2.3.1. Mood Scores and Mood Changes

We obtained the mood scores of participants by asking them twice about their negative mood intensities. The first score is Q3 and the second is Q14, both of which are shown in Table 1. We analyzed the changes in their moods and the corresponding changes in their facial expressions caused by the two ratings. We described the users' moods with such labels as anxious, depressed, sad, inferior, and fatigued. In this paper, we uniformly lumped all such feelings under the rubric of negative moods and only evaluated them by mood scores to focus on the changes themselves. Based on a related work (Persons and Burns, 1985), we calculated the mood changes using the following formula:

Mood change=(mood score at beginning)-(mood score at end)(mood score at beginning).    (1)

In this research, we implemented a virtual agent that automatically interacted with users and collected and experimented with data. We used these interactions for the mood scores to evaluate the dialogues. We did not use a standardized rating scale like K6 because our experiment was comprised of just one session. Such rating scales as K6 are unsuitable for assessing interactions in a single session because such evaluation scales assume that they will be re-measured at regular intervals. For example, K6 requires a one-month interval. Instead, a mood score is used in actual cognitive restructuring to measure mood improvement around a single session. Even though it is not a standardized measure, it is the most reasonable way to analyze one interaction session. Furthermore, a previous study (Persons and Burns, 1985) analyzed the cognitive restructuring of human therapists and patients and used mood scores as an evaluation index for a session. In our study, we calculated mood changes, which is the amount of change in the mood scores before and after a session, by referring to Persons and Burns (1985) and using it as an evaluation index.

First, the users read a publically available explanation of CBT2 that is designed for both clinical and general public uses. Then the first author explained how to use the system. Data were collected using a laptop PC (HP Probook) in a quiet room where the users sat alone. We recorded their facial expressions with its built-in camera.
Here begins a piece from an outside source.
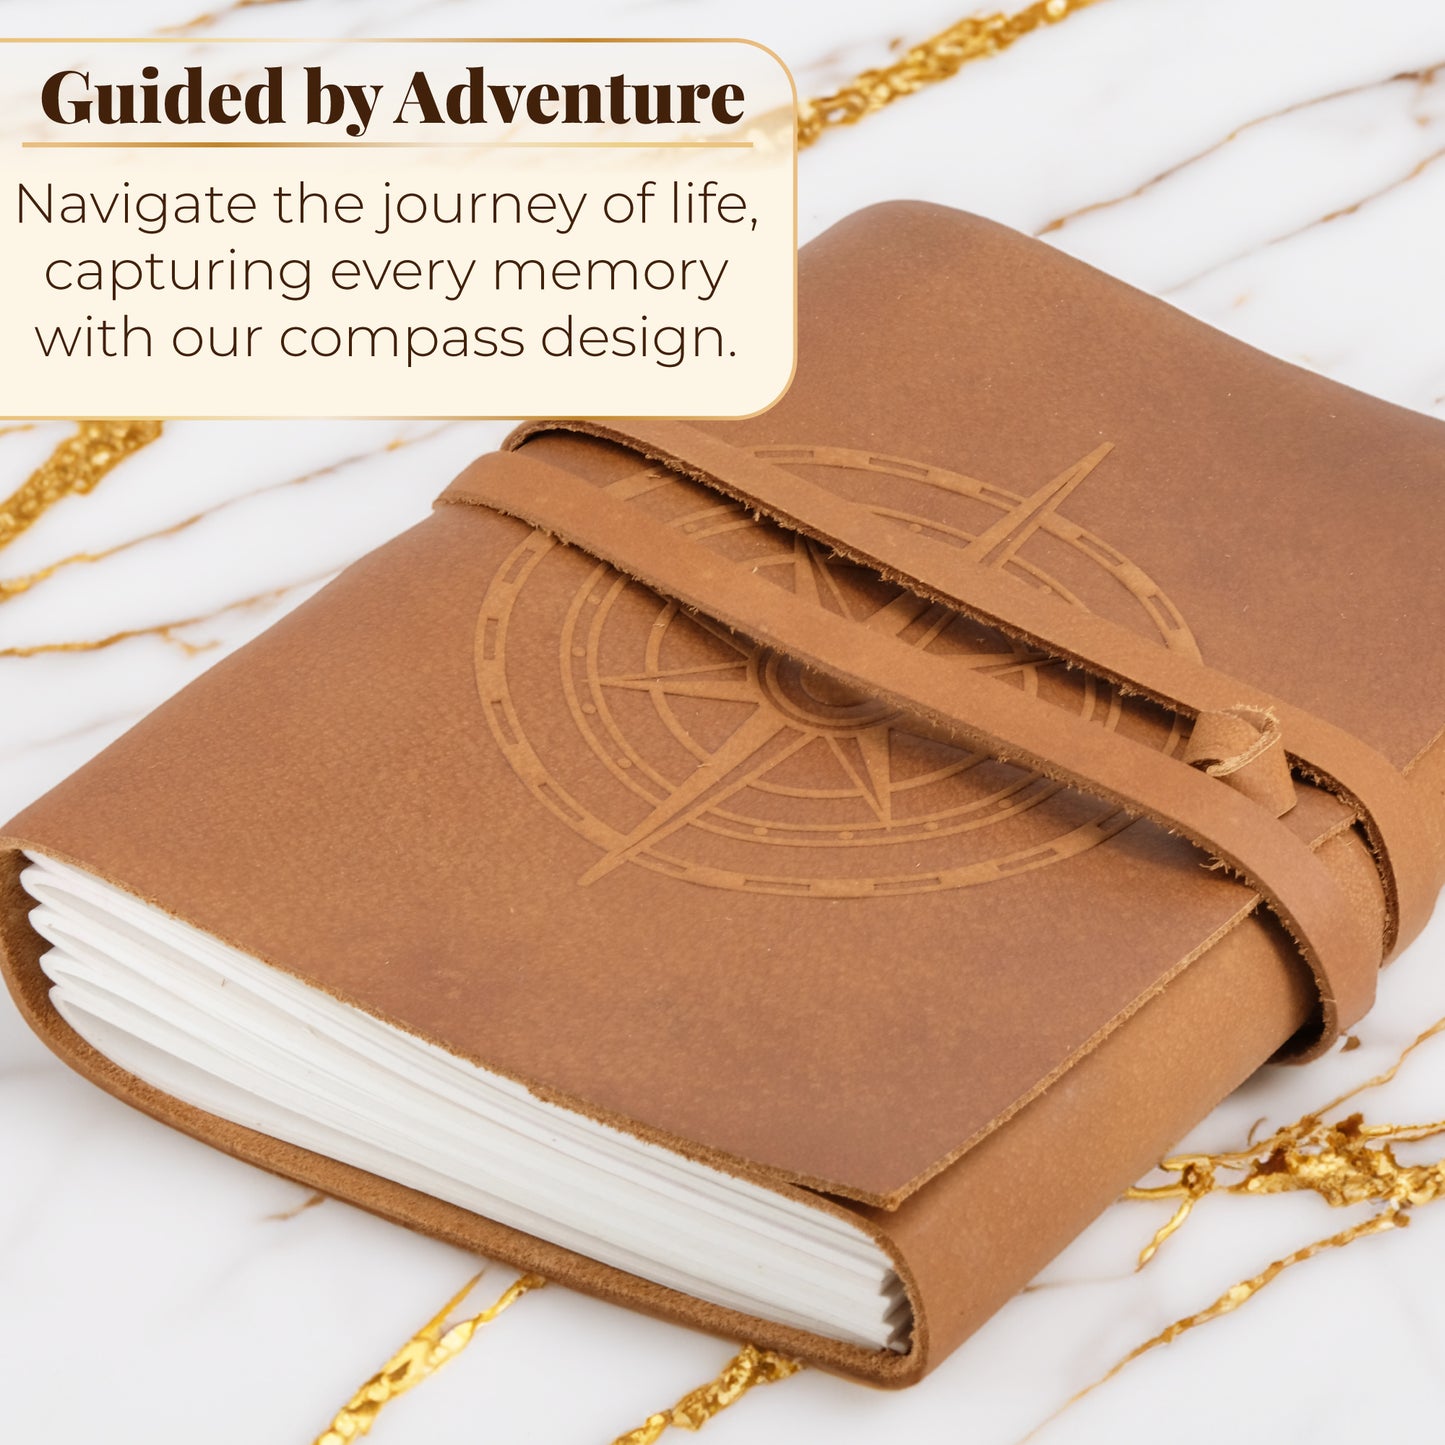 Leather Journal with Lined Pages - Leather Bound Writing Journal
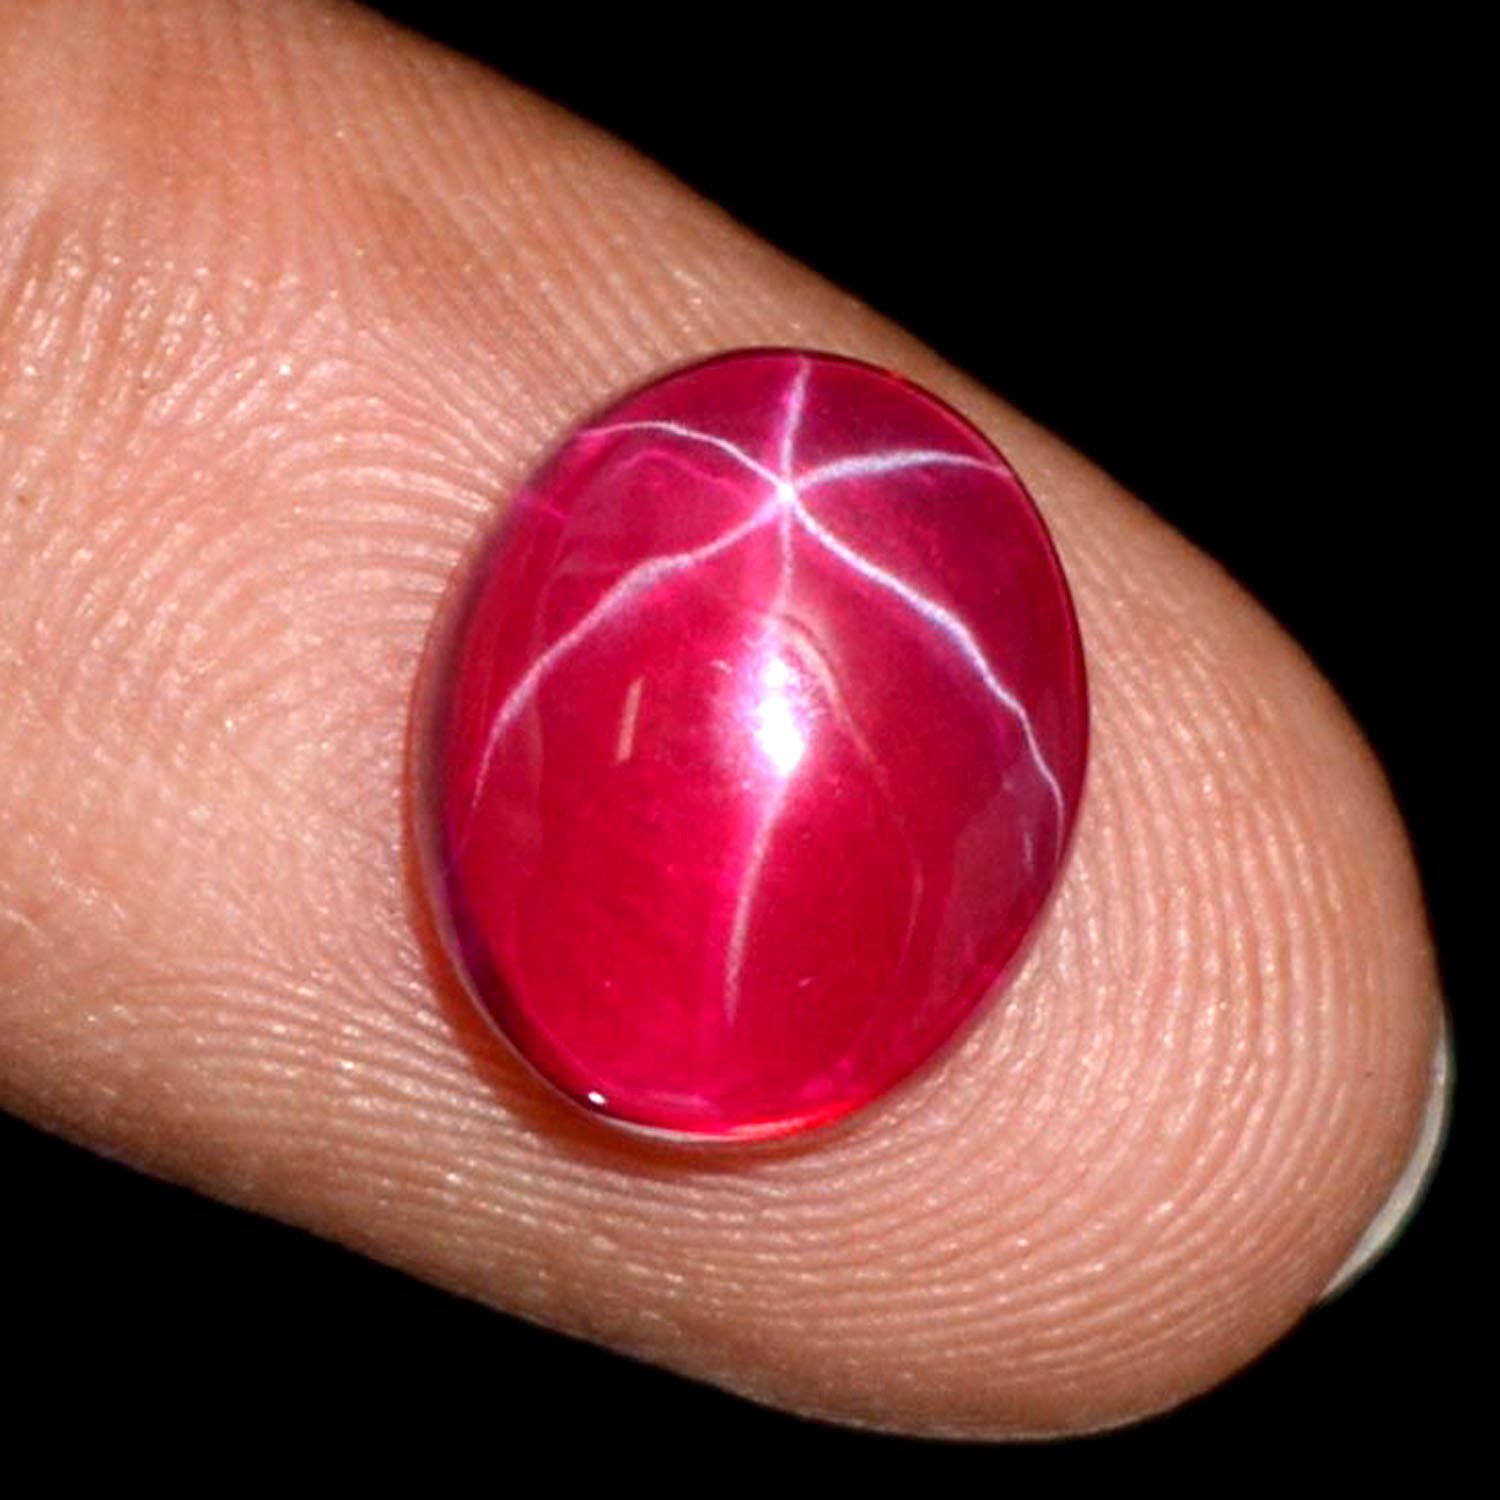 GEMHUB Tiny 6 Rays Red Star Ruby Loose Gemstone Approximate 5.20 Ct. BP-241

The completion time fluctuated based on the amount of speaking done by the user.

2.3.2. Extracting Facial Action Units

Based on the Facial Action Coding System (FACS) (Ekman and Friesen, 1978), a quantitative method for describing facial movements, our analysis used action units (AUs), which are partial units of facial expressions. AUs were automatically extracted with OpenFace (Baltrušaitis et al., 2016), a facial expression analysis tool. We analyzed the 17 AUs listed in Table 5. The extracted AUs were represented as intensity information of continuous values from 0 to 5.


Table 5. Action units (AUs) for analysis.

We extracted 17 types of AUs for each facial part from the video. Data processing for each AU was done independently. The data processing process for each AU is shown below:

a). The AUs were extracted from the videos.

b). OpenFace calculated the reliability of the successful face recognitions. Frames with less than 70% reliability were removed.

c). The virtual agent and user turns were separated, and the virtual agent turns were ignored.

d). The average AUs were calculated in the frame for each extracted user turn. Since there are 14 user turns (Table 1), we calculated the mean value of 14 types per user.

e). The AU for each turn within the users was standardized with the mean value of the 14 AU types. This normalization calculated the relative AU strength for each turn within the users.

f). The facial expression differences were calculated through the interactions by the following equation. The AU at the beginning is the period from the user's response turn to Q3 in the fixed scenario of Table 1 (from the beginning of the user's utterance to its end). The AU at the end is the period of the user's response to Q14 in Table 1 (from the start of the user's utterance to its end):

Change of AU=(AU at the beginning)-(AU at the end).    (2)

We analyzed the correlation between the mood and AU changes to clarify the correlation between the relative fluctuations in the mood changes and in the AUs. The AUs at the beginning and the end in Equation (2) are pre-relativized values within the individual. Therefore, the AU change in Equation (2) is a relative scale.

2.3.3. Pearson's Correlation Analysis

The following changes in AUs were significantly correlated with mood changes at α = 0.05: AU5 (r = -0.51, t = -2.68, p = 0.01), AU17 (r = 0.45, t = 2.32, p = 0.03), AU25 (r = -0.43, t = -2.24, p = 0.04), and AU45 (r = 0.45, t = 2.32, p = 0.03). Figure 1 shows scatter diagrams between these changes in AUs and moods. AU5 and AU45 are squinting movements in the face's upper half; AU17 and AU25 are movements in its lower half, showing a raised chin. Positive correlations indicate that the greater the mood change, the lower its AU expression. A negative correlation indicates that the larger the mood change is, the greater the expression of that AU before and after.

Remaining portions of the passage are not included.